Заседали в конторе. Администрация струсила и шла на уступки. Задержка теперь была только за дверцей в дощатом заборе, которую рабочие требовали открыть, иначе им приходится обходом месить четверть версты по грязи. Дверца никому, в сущности, была не нужна, но дело пошло на самолюбие, администрация вдруг уперлась, и начались длинные прения. И в это время по телефону из министерства внутренних дел получили приказ: отказать стачечному комитету во всех требованиях и, впредь до особого распоряжения, ни в какие разговоры с ним не вступать.
Приказ этот настолько портил все дело, что старший инженер немедленно умчался в город для объяснений. Рабочие недоумевали, настроение было скорее мирное. Несколько инженеров, выйдя к толпе, объяснялись, разводили руками. Кое-где раздавался даже смех. Наконец на крыльце конторы появился огромный, тучный, седой инженер Бульбин и прокричал на весь двор, что переговоры отложены на завтра.

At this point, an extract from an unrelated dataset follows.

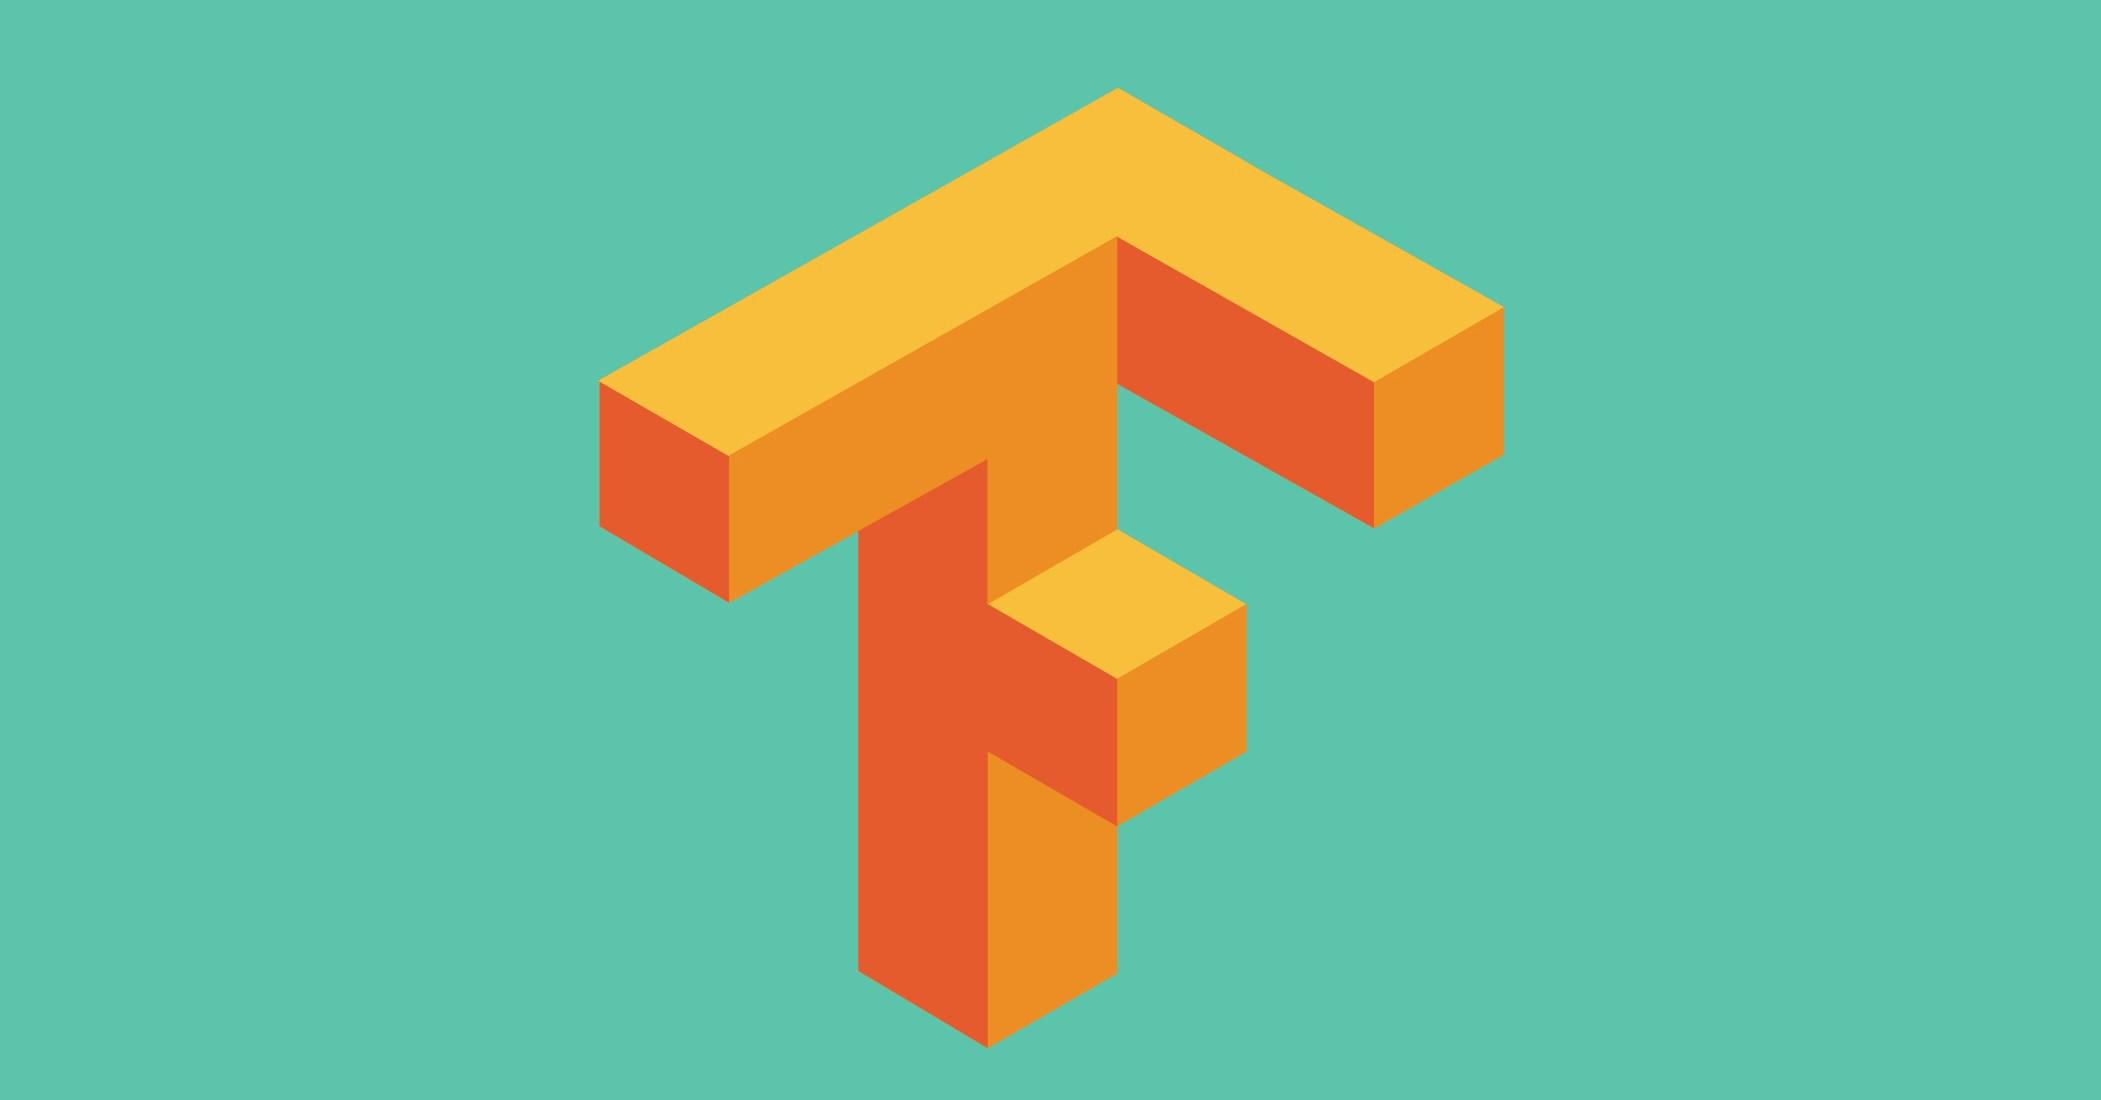 /tensorflow-is-dead-long-live-tensorflow-49d3e975cf04 feature image

Иван Ильич, пробыв в мастерской до вечера и видя, что горны все равно погаснут, почесал в затылке и поехал домой. В столовой сидели футуристы и, оказывается, живо интересовались тем, что делается на заводе. Но Иван Ильич ничего рассказывать не стал, задумчиво сжевал подложенные ему Елизаветой Киевной бутерброды и ушел к себе, заперся на ключ и лег спать.
На следующий день, подъезжая к заводу, он еще издали увидал, что дело неладно. По всему переулку стояли кучки рабочих и совещались. Около ворот собралась огромная толпа в несколько сот человек и гудела, как потревоженный улей.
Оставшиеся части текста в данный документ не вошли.